What You Owe Me

Front Cover
G.P. Putnam's Sons, 2001 - Fiction - 533 pages
Los Angeles, 1945: When Hosanna Clark, newly arrived from the farm fields of Texas, befriends Holocaust survivor Gilda Rosenstein, she opens the door to a new life for them both. Using Gilda's knowledge of cosmetics and Hosanna's energy and determination, they begin producing a line of lipsticks and lotions for black women. The two are more than partners: They are dear friends.

Then Gilda suddenly disappears, taking all the assets. Hosanna is doubly betrayed: financially ruined and emotionally bereft. When, years later, she passes away, her small cosmetics company dies with her. But Hosanna leaves behind a daughter steeped in her mother's pain: Matriece is as smart and driven as her mother and savvy enough to recognize that white firms are competing not only for black consumer dollars but for black professional talent as well. When Gilda's huge cosmetics conglomerate hires her to launch a line of black beauty products, Matriece takes on a mission to collect her mother's debt.

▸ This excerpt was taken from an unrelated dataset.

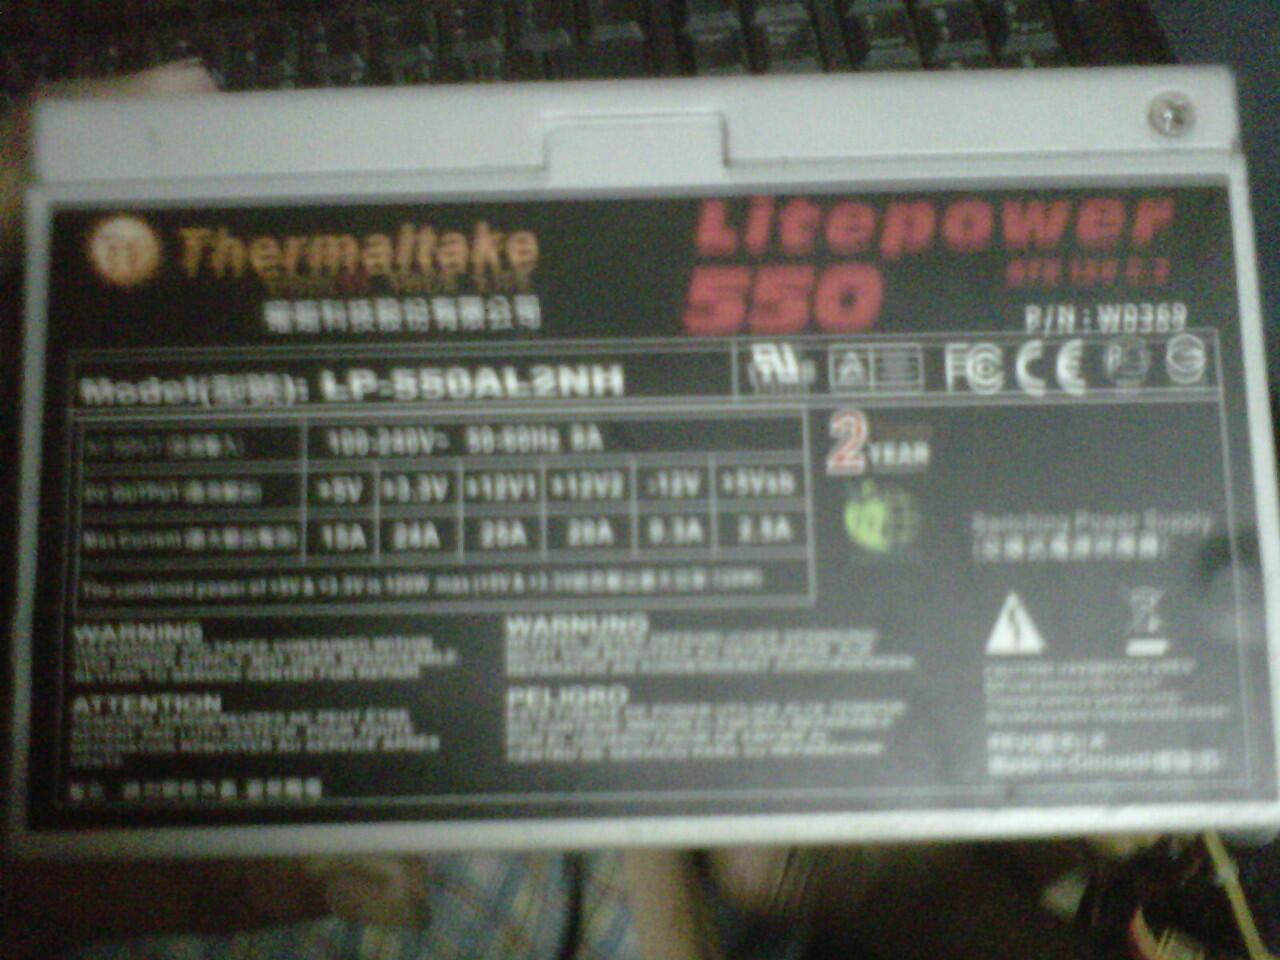 THERMALTAKE LITEPOWER 550WATT LIKE NEWW
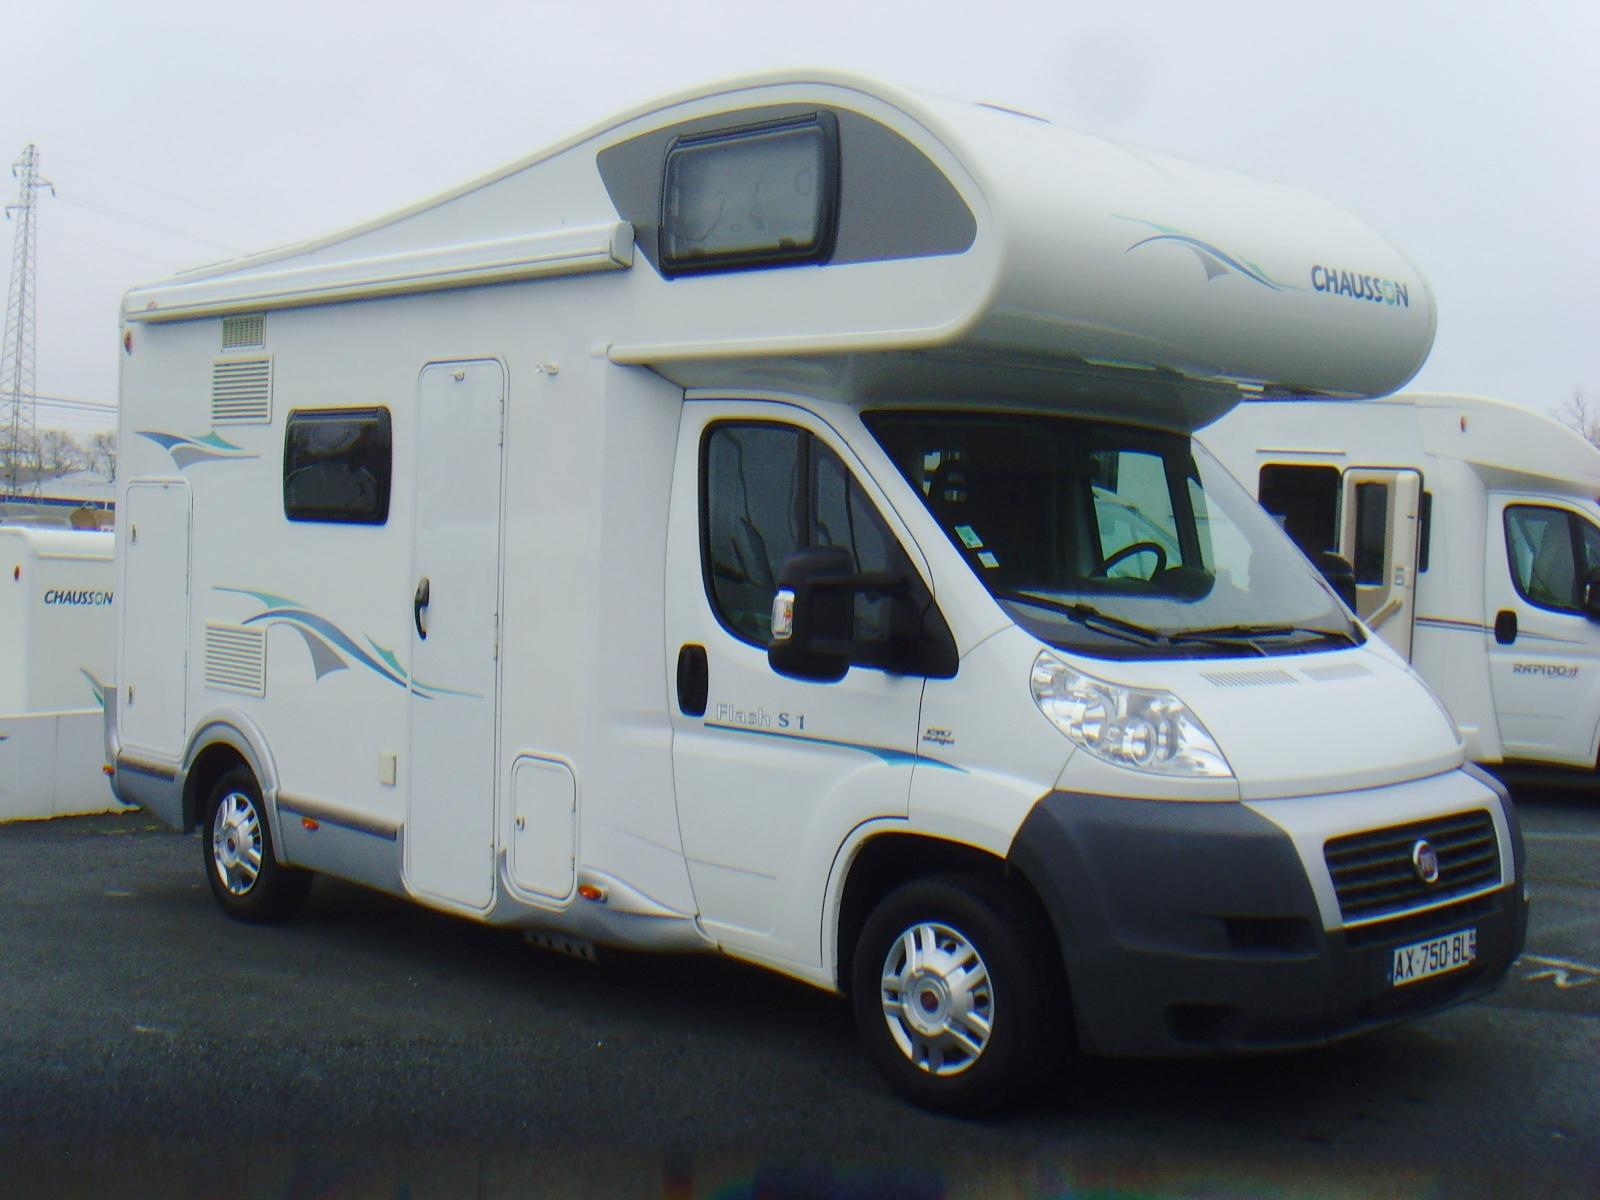 chausson flash s1 occasion de 2010 fiat camping car en vente bayonne pyrenees atlantiques 64. Black Bedroom Furniture Sets. Home Design Ideas

What You Owe Me is a stunning account of the changes we have seen in white attitudes toward blacks, but it is also a sensitive look at what betrayal -- of friendship, of love -- does to us all. Ultimately, it is a moving book about healing. As Emerge magazine acknowledged, "Campbell's writings are a beacon of light, helping assuage the anger by tending our deepest wounds".